MATERIALS PROVIDED —
'''

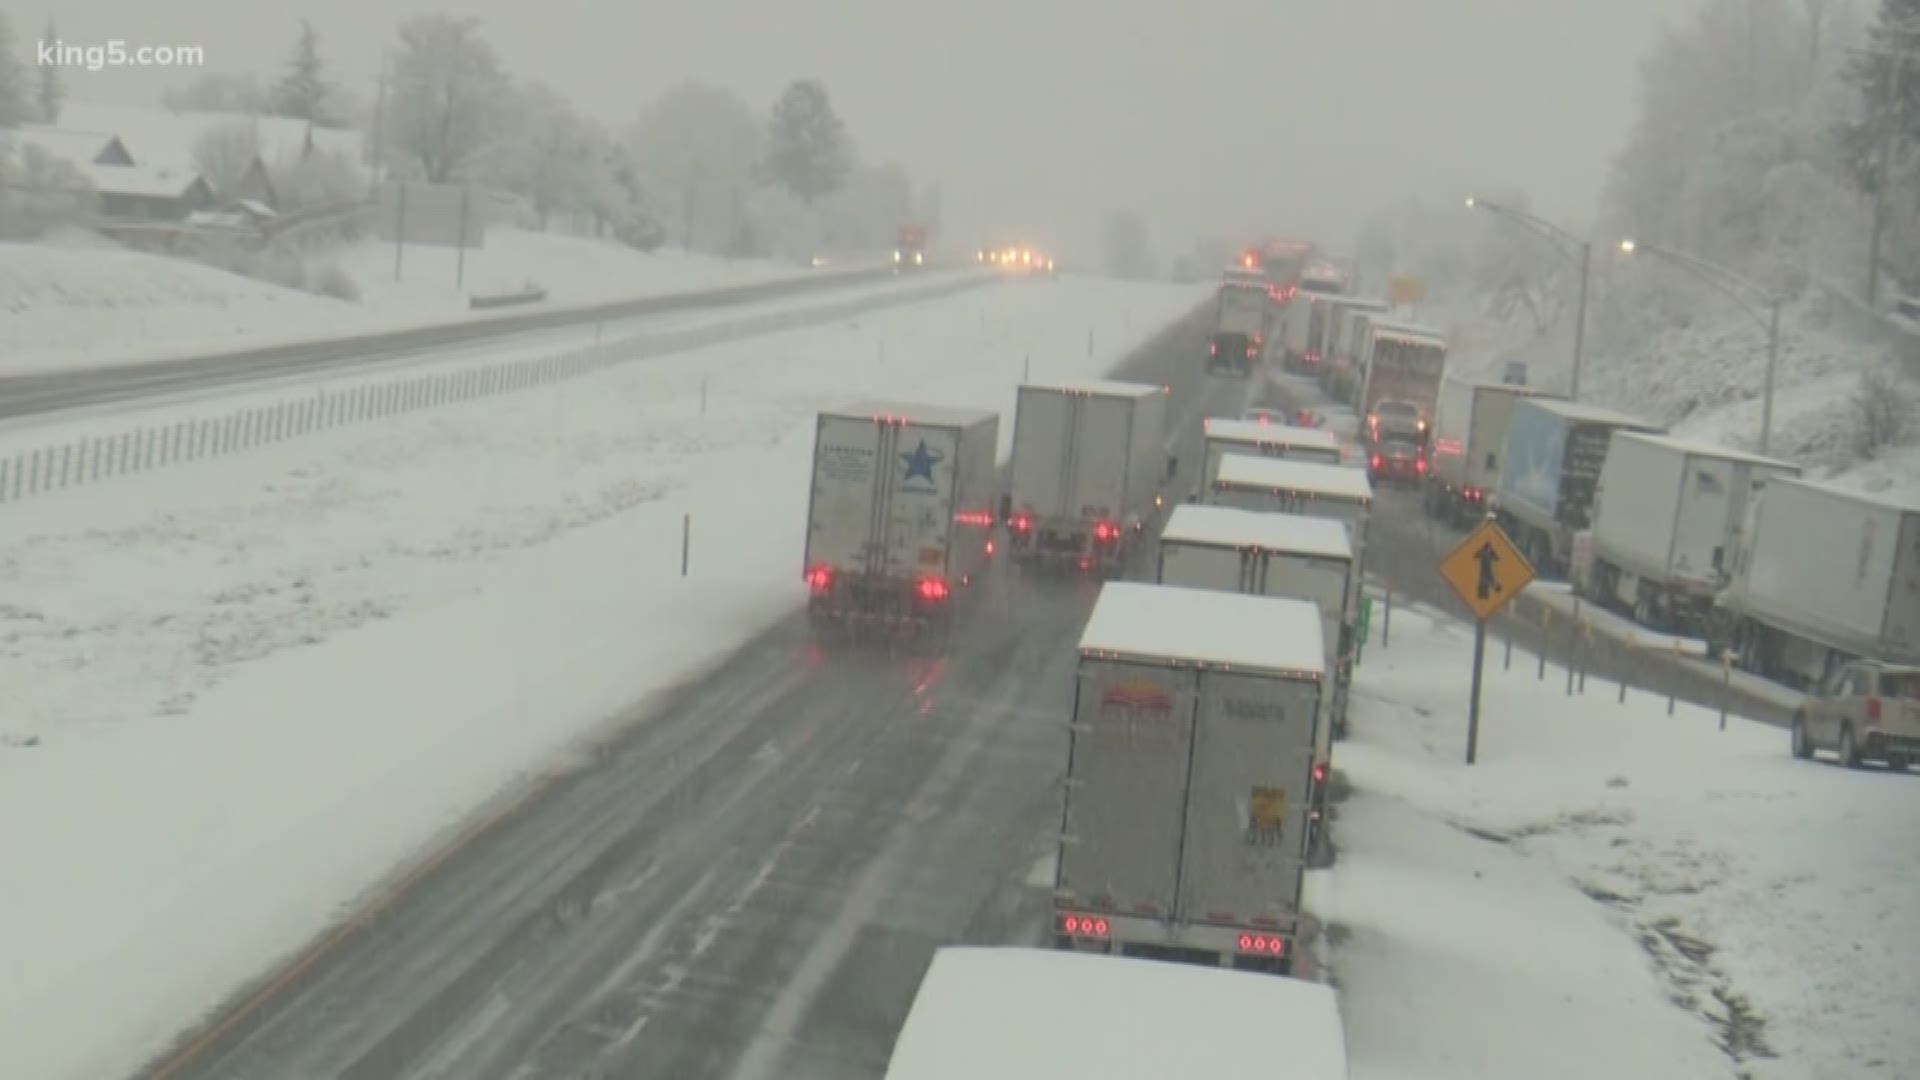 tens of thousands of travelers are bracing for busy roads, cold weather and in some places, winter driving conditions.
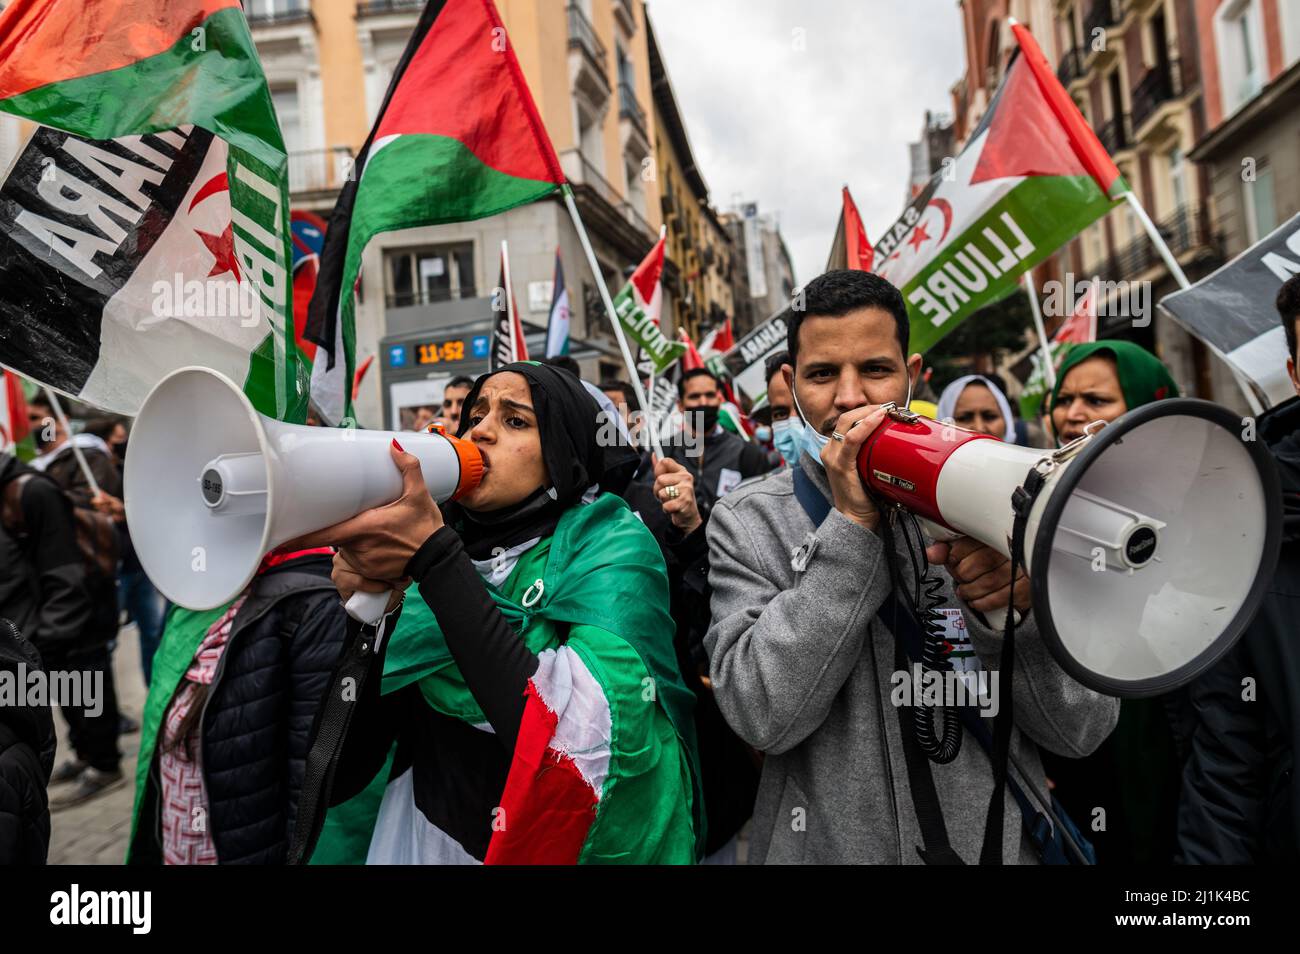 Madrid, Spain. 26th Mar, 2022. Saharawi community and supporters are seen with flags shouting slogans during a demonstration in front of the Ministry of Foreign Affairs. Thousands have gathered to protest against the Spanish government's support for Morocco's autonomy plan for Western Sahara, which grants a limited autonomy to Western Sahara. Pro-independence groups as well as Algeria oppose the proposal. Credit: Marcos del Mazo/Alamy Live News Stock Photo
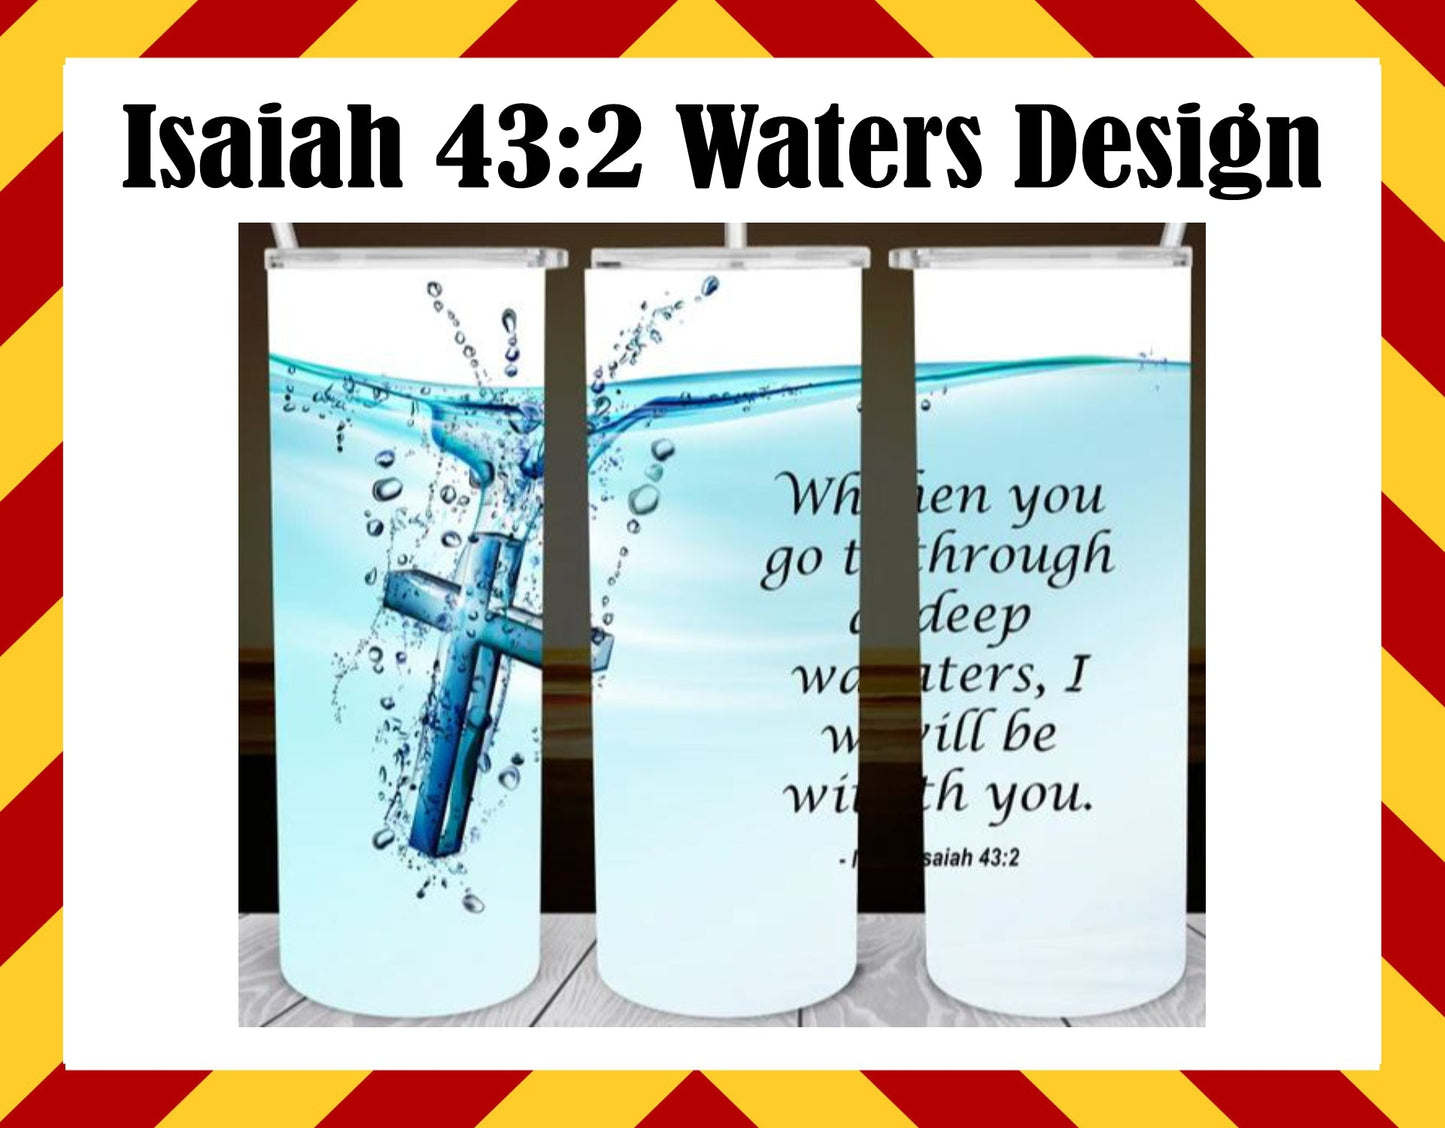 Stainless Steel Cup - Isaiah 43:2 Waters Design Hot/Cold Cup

'''
'''

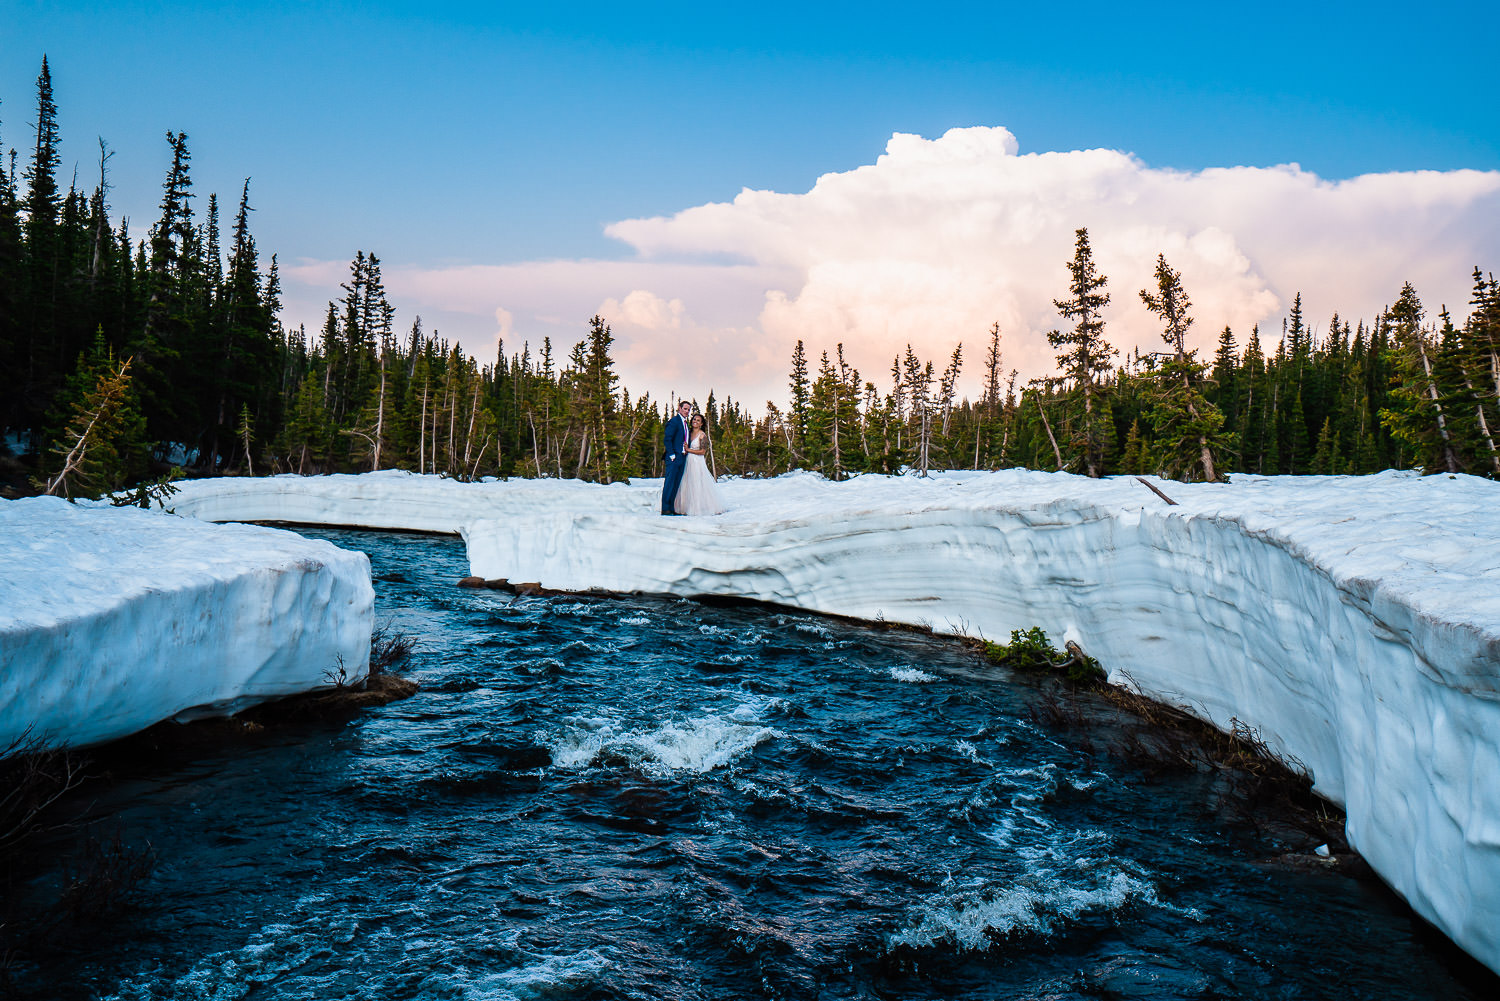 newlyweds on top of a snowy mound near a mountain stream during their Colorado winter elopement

'''

TASK DETAILS — How would the lines above read from the one with "tens of thousands" to the one with "Stainless Steel Cup", inclusive, with no pictures? Write them out exactly.

EXERCISE RESPONSE —
 tens of thousands of travelers are bracing for busy roads, cold weather and in some places, winter driving conditions.
 Madrid, Spain. 26th Mar, 2022. Saharawi community and supporters are seen with flags shouting slogans during a demonstration in front of the Ministry of Foreign Affairs. Thousands have gathered to protest against the Spanish government's support for Morocco's autonomy plan for Western Sahara, which grants a limited autonomy to Western Sahara. Pro-independence groups as well as Algeria oppose the proposal. Credit: Marcos del Mazo/Alamy Live News Stock Photo
 Stainless Steel Cup - Isaiah 43:2 Waters Design Hot/Cold Cup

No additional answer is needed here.